◆ **PROBLEM**
One range is to be output from the listing below, exactly as written: the line with "Tweet 2/5 in" to the line with "Eyepetizer Magali Opt", both kept.

◆ **THE INPUT**
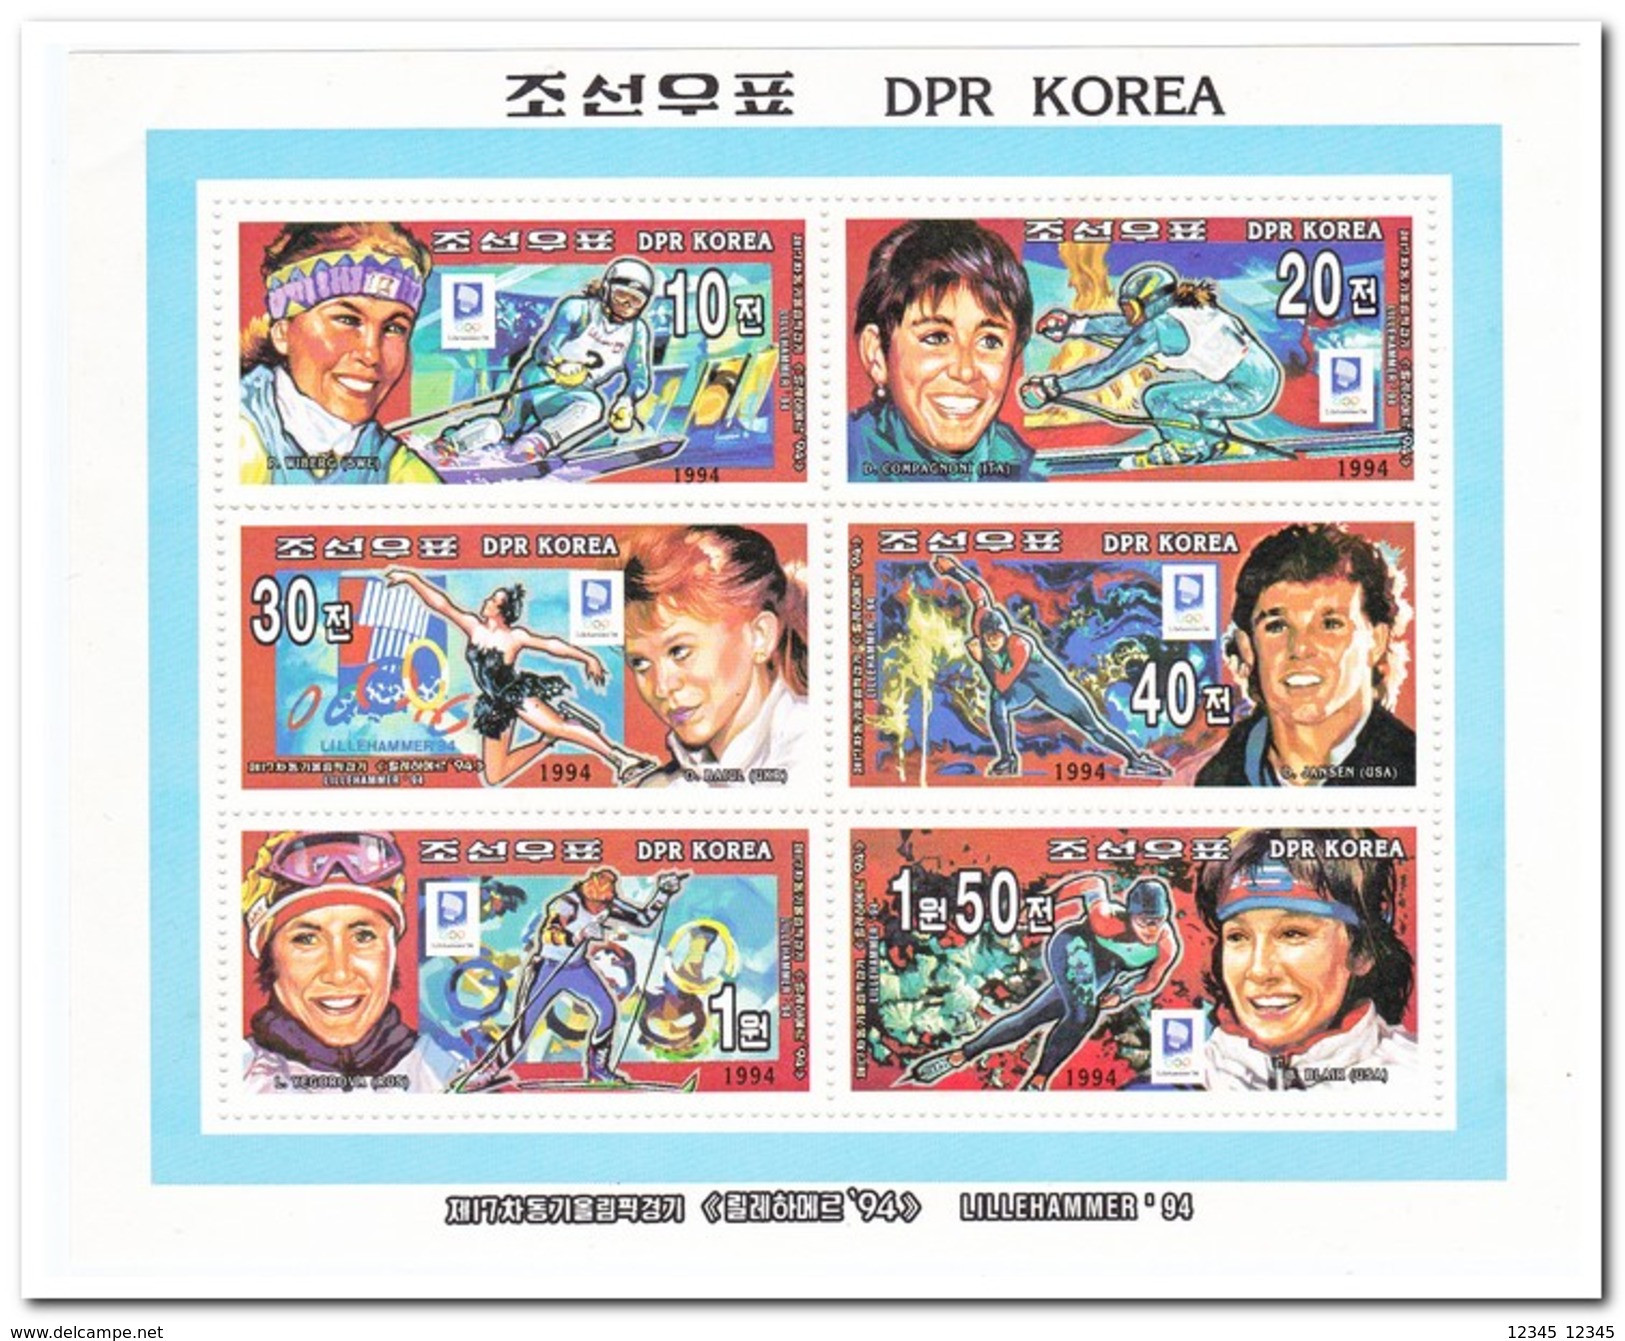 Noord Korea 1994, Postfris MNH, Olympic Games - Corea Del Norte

--

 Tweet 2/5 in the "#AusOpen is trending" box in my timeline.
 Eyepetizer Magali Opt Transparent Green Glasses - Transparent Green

==

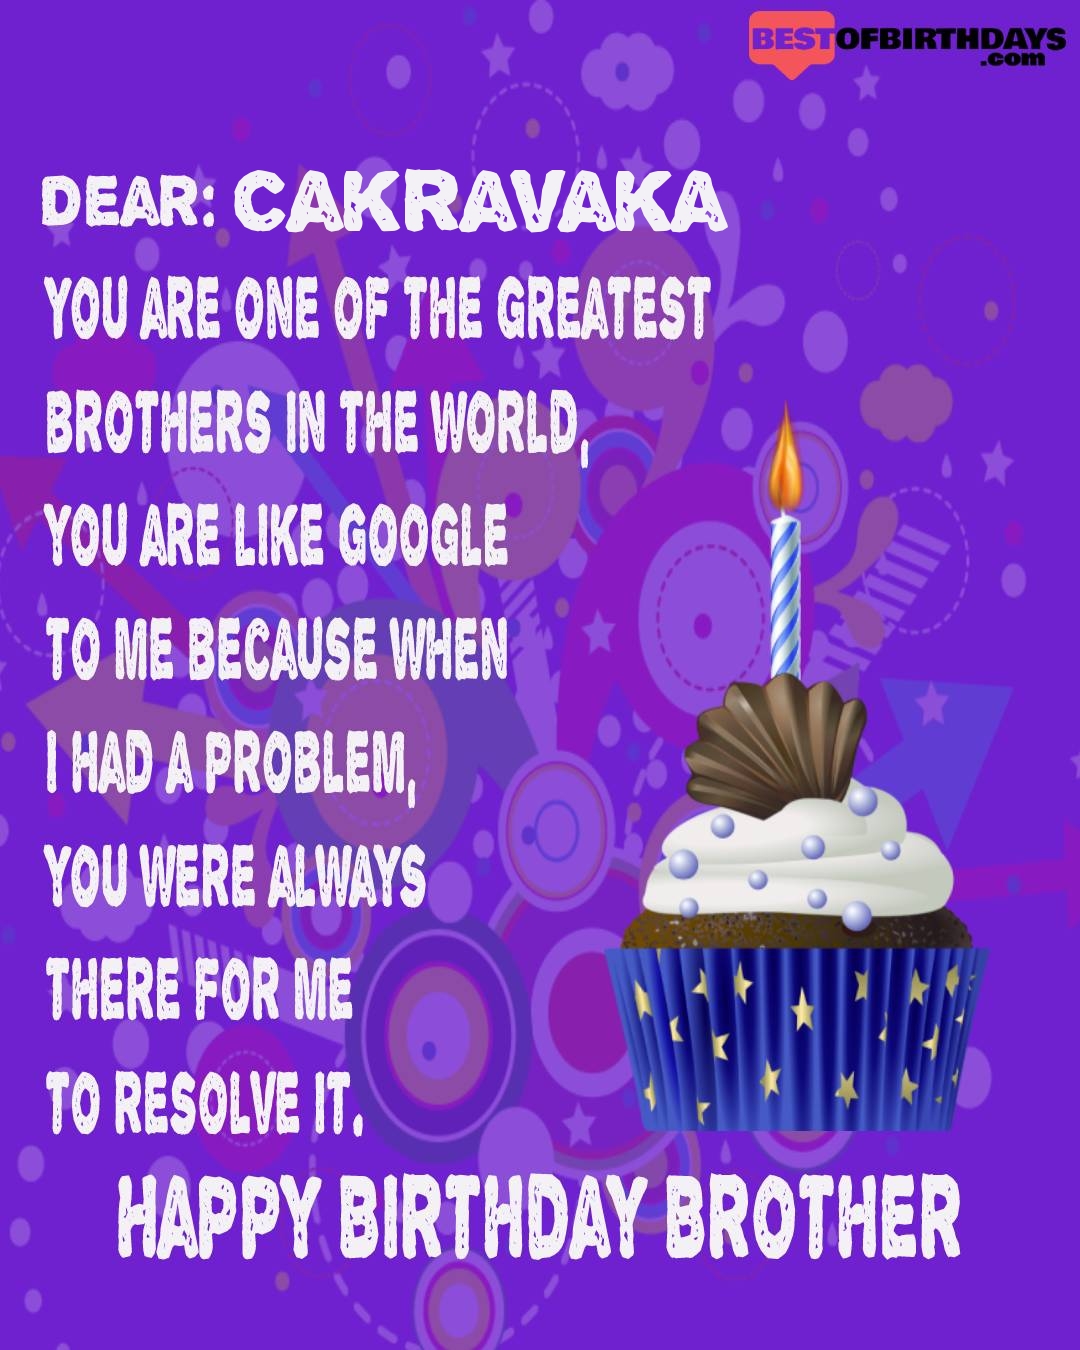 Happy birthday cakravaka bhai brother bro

◆ **SOLUTION FOR THIS TASK**
 Tweet 2/5 in the "#AusOpen is trending" box in my timeline.
 Eyepetizer Magali Opt Transparent Green Glasses - Transparent Green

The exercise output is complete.